Belgians fight caterpillar infestation
4 June 2007, BRUSSELS (AP) - A Belgian army contingent joined the fight Monday against a mass outbreak of irksome caterpillars in oak trees which can give people skin rash and breathing problems.
4 June 2007
BRUSSELS (AP) - A Belgian army contingent joined the fight Monday against a mass outbreak of irksome caterpillars in oak trees which can give people skin rash and breathing problems.
Two dozen soldiers will join firefighters in northern Belgium where the so-called oak procession caterpillars have spread to record numbers because of warmer-than-usual weather, creating prime living conditions for the insect.
The hairs on the back of the caterpillars can cause anything from mild itching to painful irritations or dermatitis and asthma attacks.

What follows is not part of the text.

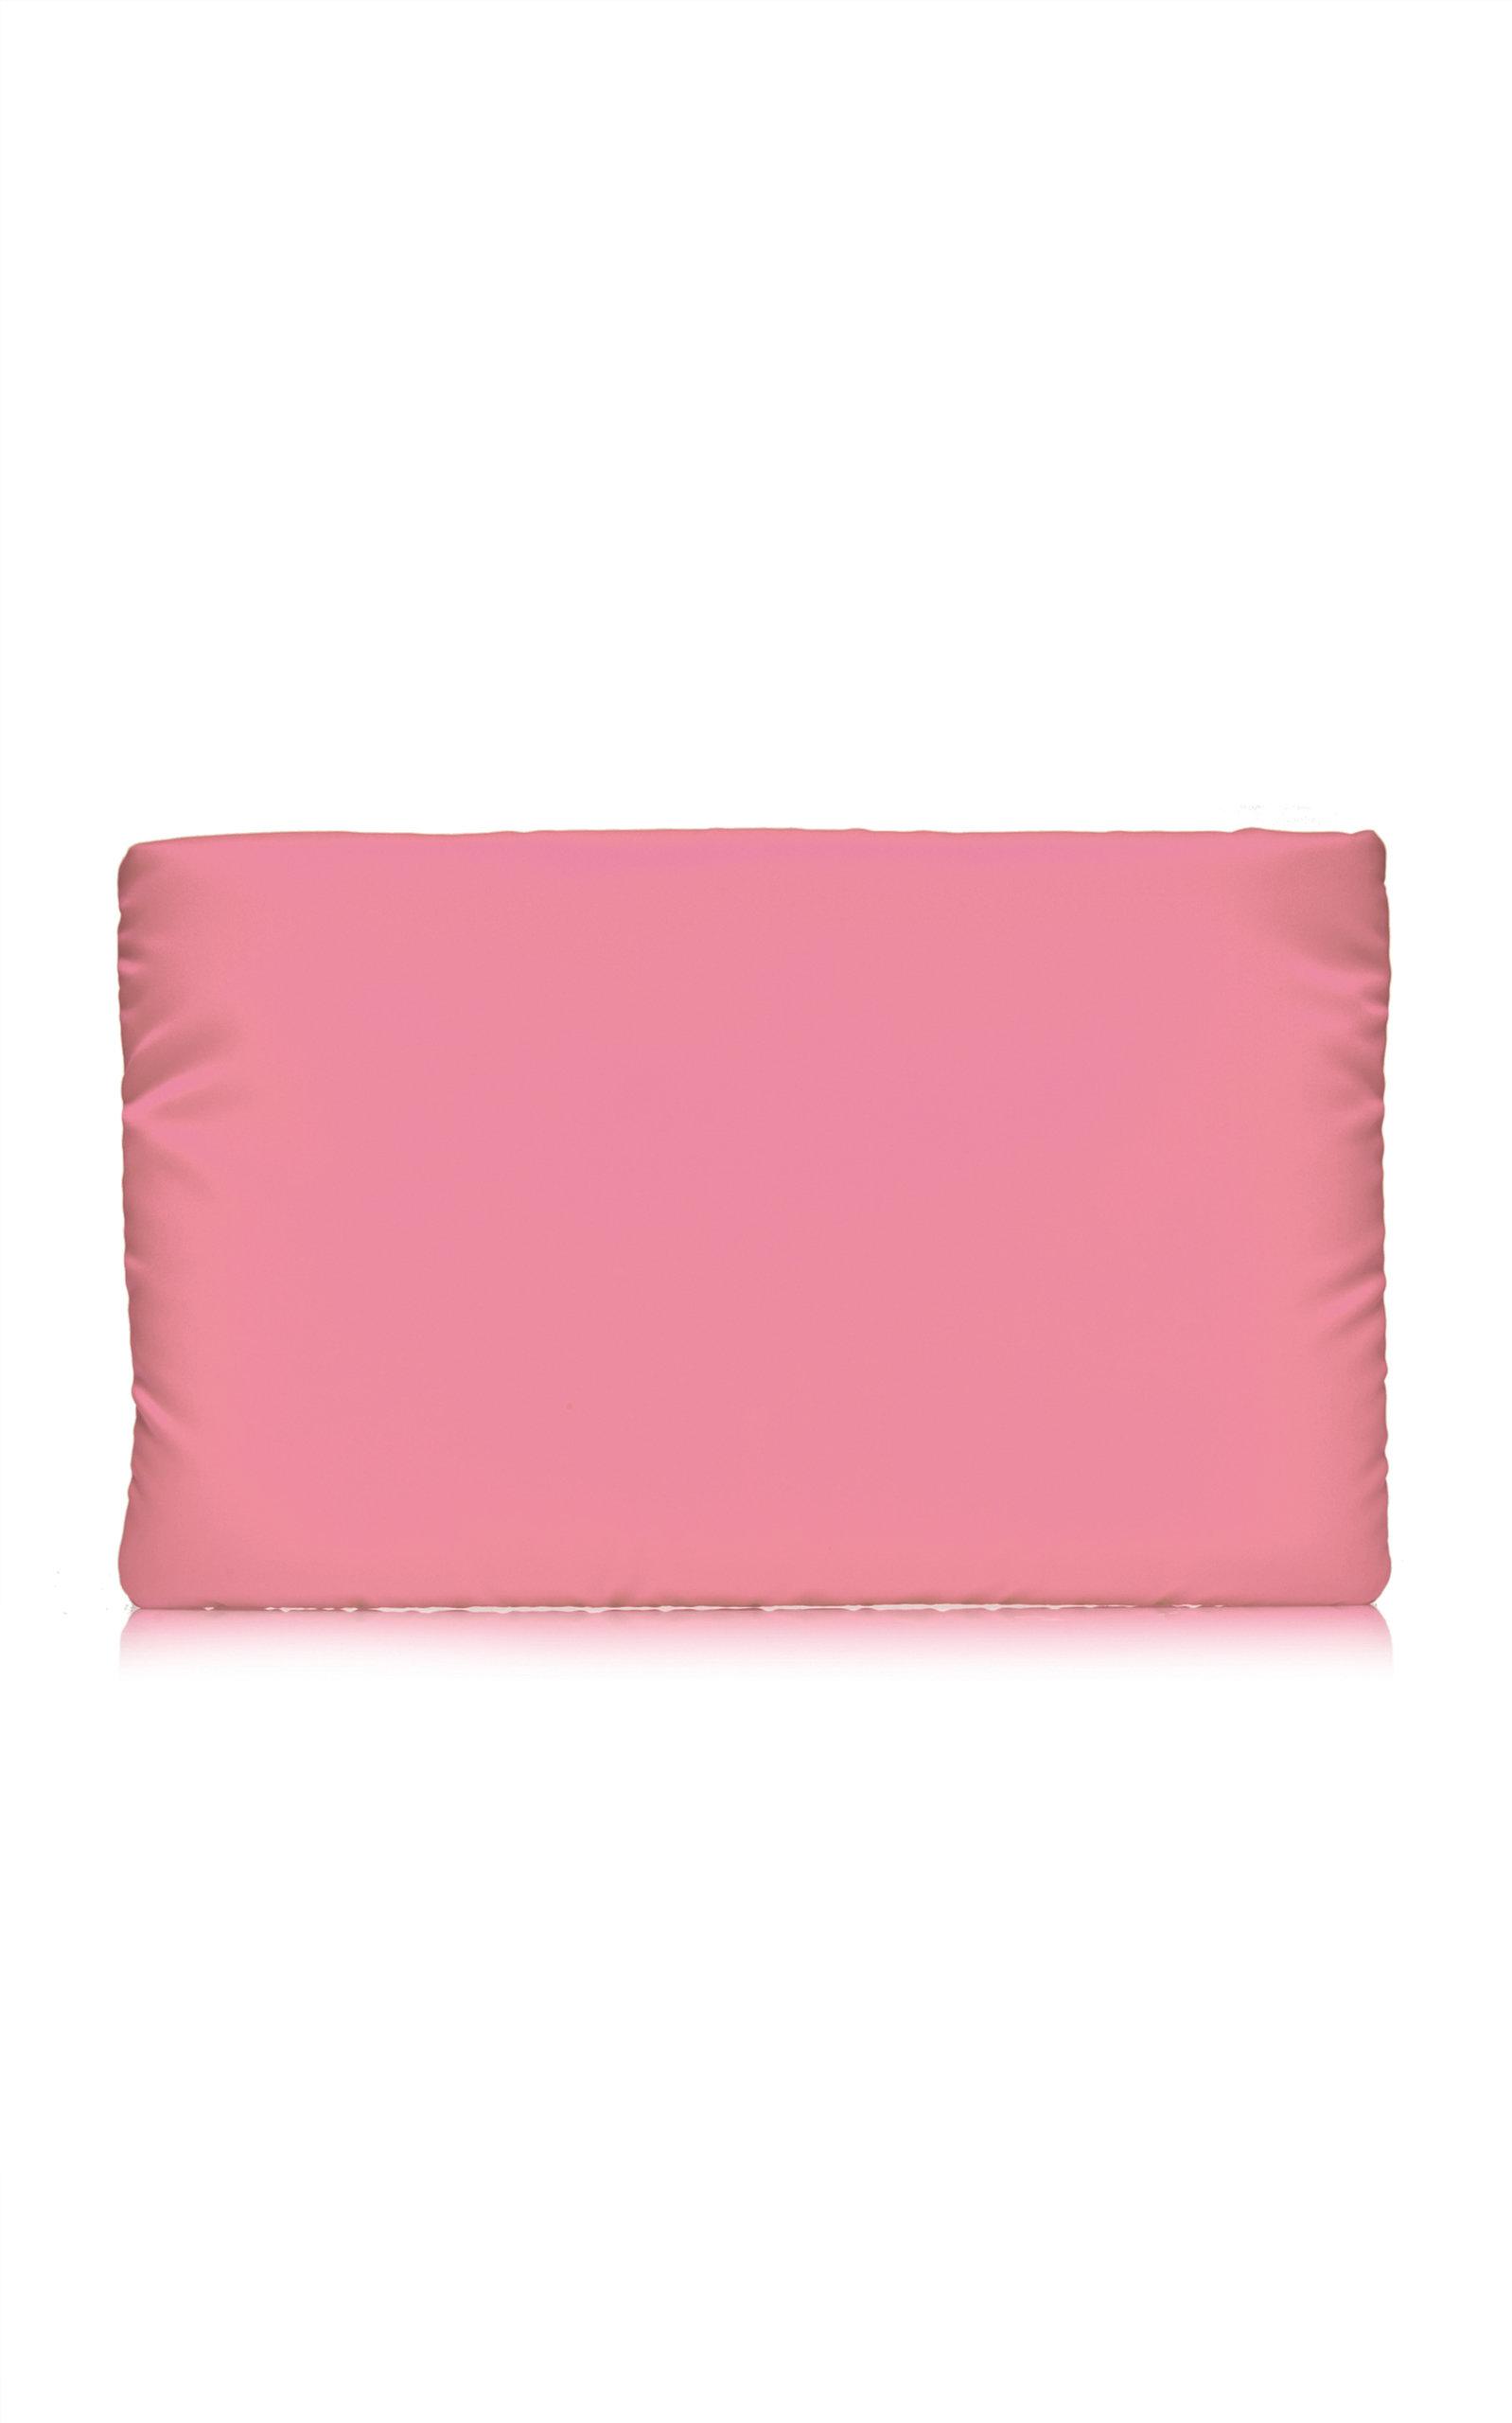 Medium Tessuto Soft Pouch Prada bKROkSJ

In the countryside in the provinces of eastern Limburg and central Flemish Brabant, workers have been using gas flames to burn and kill the caterpillars from the oak trees, the only tree they inhabit.
Yet they keep coming back.
Officials say that because of a genetic mutation that occurred some 100 years ago, the caterpillars are immune to anti-pest spays usually favoured by authorities in such cases.
First sighted in 1758 in the Netherlands, the caterpillars have slowly spread southwards, feeding on oak leaves and nothing else.
They are called procession caterpillars because they crawl in long lines, one after another, up the oaks. Their hairs are extremely thin and can be carried in the air by the slightest gust of wind. The caterpillars can also shoot their hairs off into the wind if they feel threatened.